Multifront campaign seeks to win support for U.S. missile shield

By Kimberly Ashton
Staff Writer, The Prague Post
September 5th, 2007 issue

Domestic officials are going on a “charm offensive,” with a new 15 million Kč ($740,000) ad campaign to convince Czechs to support a proposed U.S. missile defense shield.
They’re also starting “substantive political negotiations” this week with U.S. officials on missile-defense cooperation treaties between the Czech Republic and the United States, said Tomáš Klvaňa, the Czech coordinator for defense policy.
U.S. politicians have said the shield planned for this country and Poland would be meant to intercept missiles fired from countries like Iran and North Korea. Czechs currently oppose the defense shield by 60 percent or more, according to public opinion surveys done by the national polling agency STEM and others in recent months.
“Everyone interested in this project, at the end of the campaign will not be able to say he lacks information,” Klvaňa said.
The ad agency will receive 1.7 million Kč, with the rest of the money to be spent on the campaign, Klvaňa said.
At the same time, officials will meet Sept. 5 with an opposition group of mayors in the Brdy military region where the proposed site is located. On Sept. 6, the president of a U.S. missile advocacy group funded by U.S. defense contractors will announce results of a new opinion poll done by the group, called the Missile Defense Advocacy Alliance. The group declined to say anything more about the results before Thursday’s announcement.
“As the people of the Czech Republic and Poland understand this more, I believe that public support will grow significantly,” U.S. Congressman Trent Franks said in a recent visit to Prague to plug the project.
“They will understand that this is about protecting their children, that this is about protecting all of Europe, this is about creating a disincentive for rogue nations to build [weapons].”

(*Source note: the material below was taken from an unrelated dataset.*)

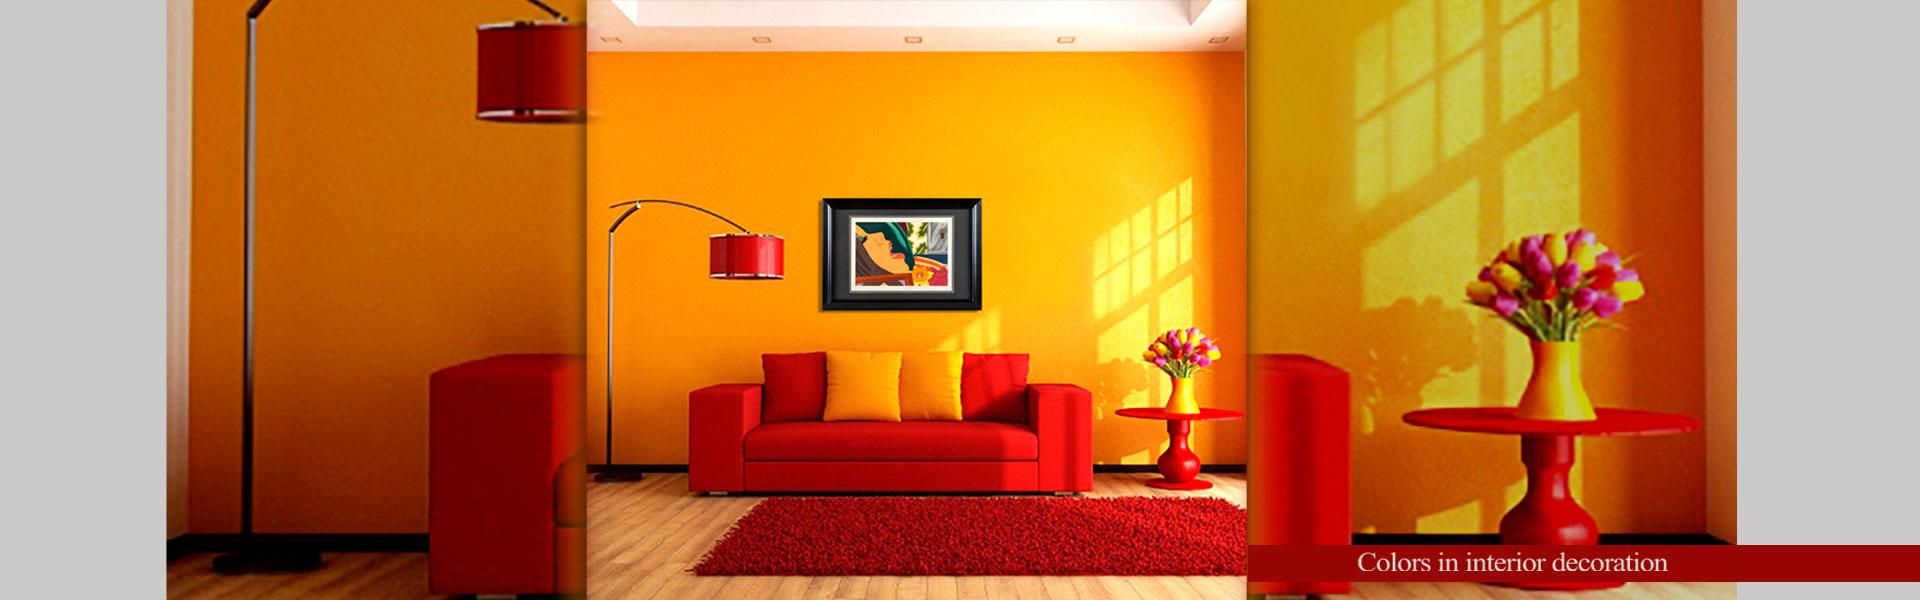 design 777a - رنگ های جلوه بخش در دکوراسیون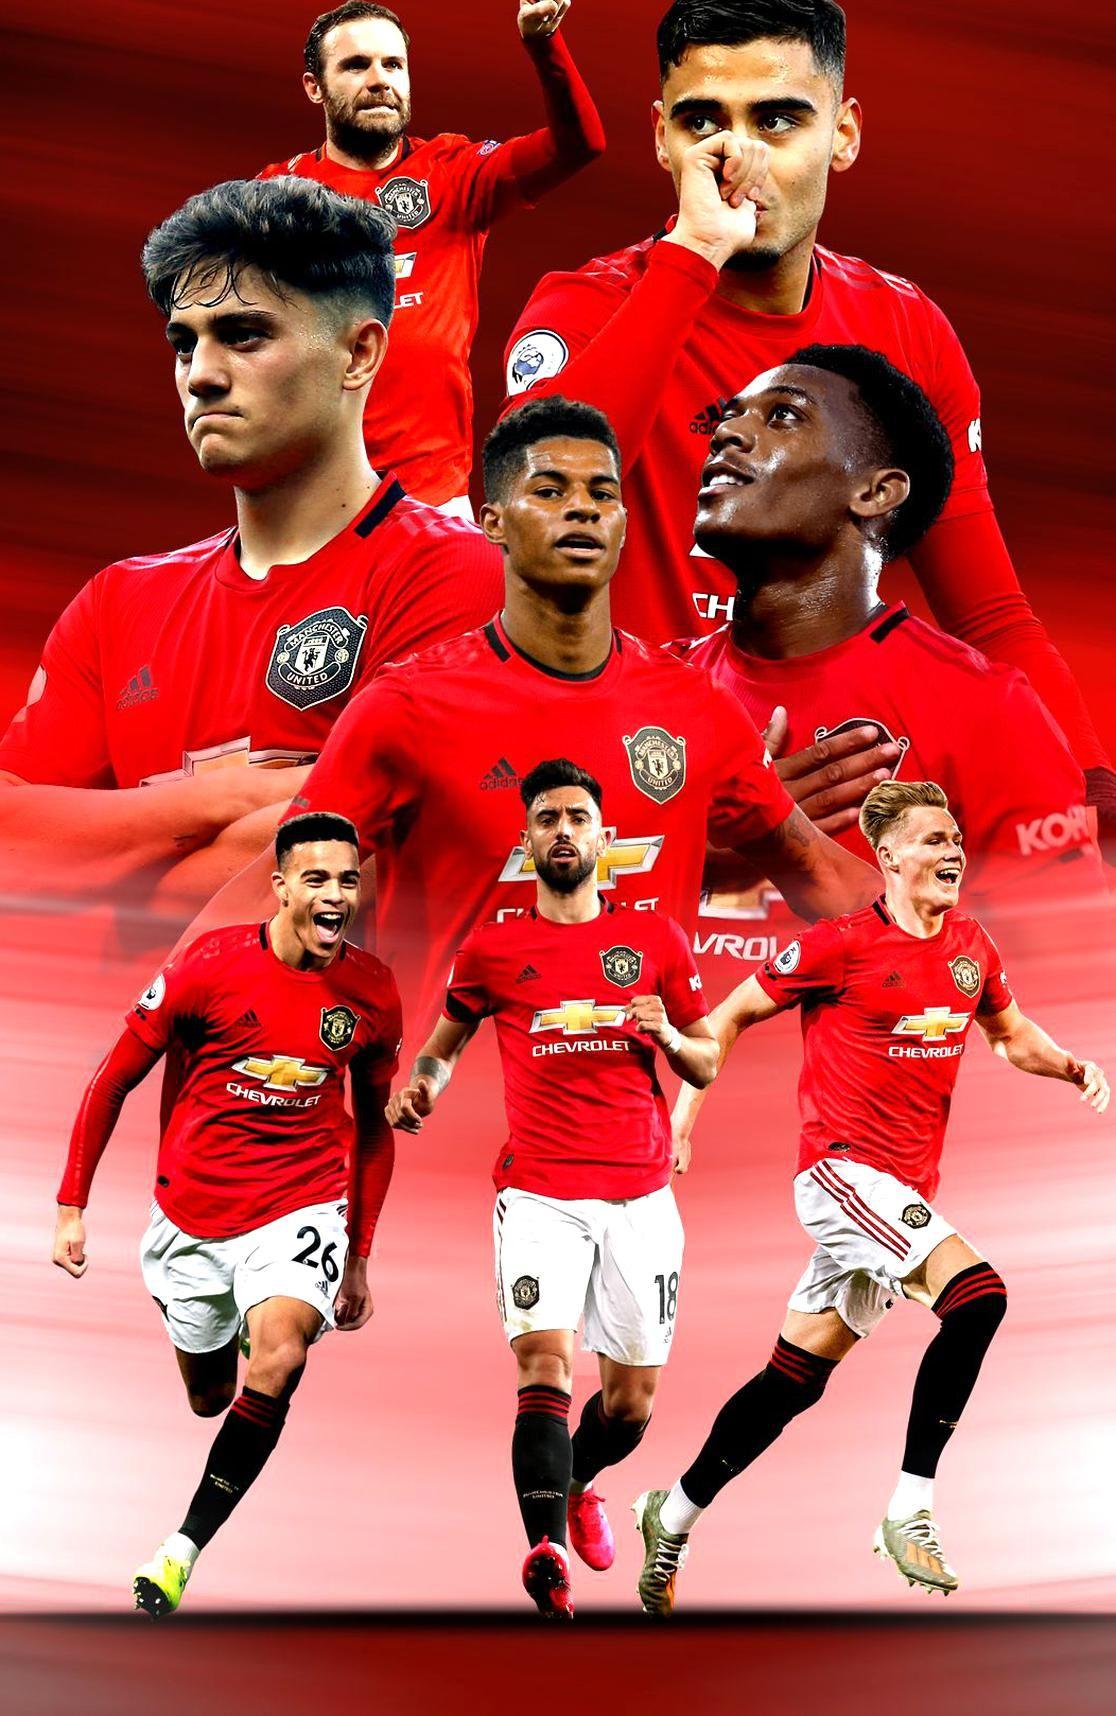 Digital Art Photo Manipulation Premier League Football Wallpaper Soccer Football Ra In 2020 Manchester United Wallpaper Manchester United Poster Manchester United Team

U.S. leaders are ready to fund the project if Czechs agree to host a site, Franks said. Of the $9.9 billion President George W. Bush originally requested for the project, $9.3 billion has been funded, according to Franks. Congress cut $139 million from the project earlier this year.
“If our countries can come together in our planned agreements, then America will do its part in making sure that the funding that we promised is forthcoming,” Franks said.
Agreements with the two site countries are the “key element” that would give Congress the confidence to move forward with funding approvals, he said.
Local officials expect to negotiate two treaties with their U.S. counterparts, one on general cooperation, the other on how U.S. forces here would be legally governed, Klvaňa said.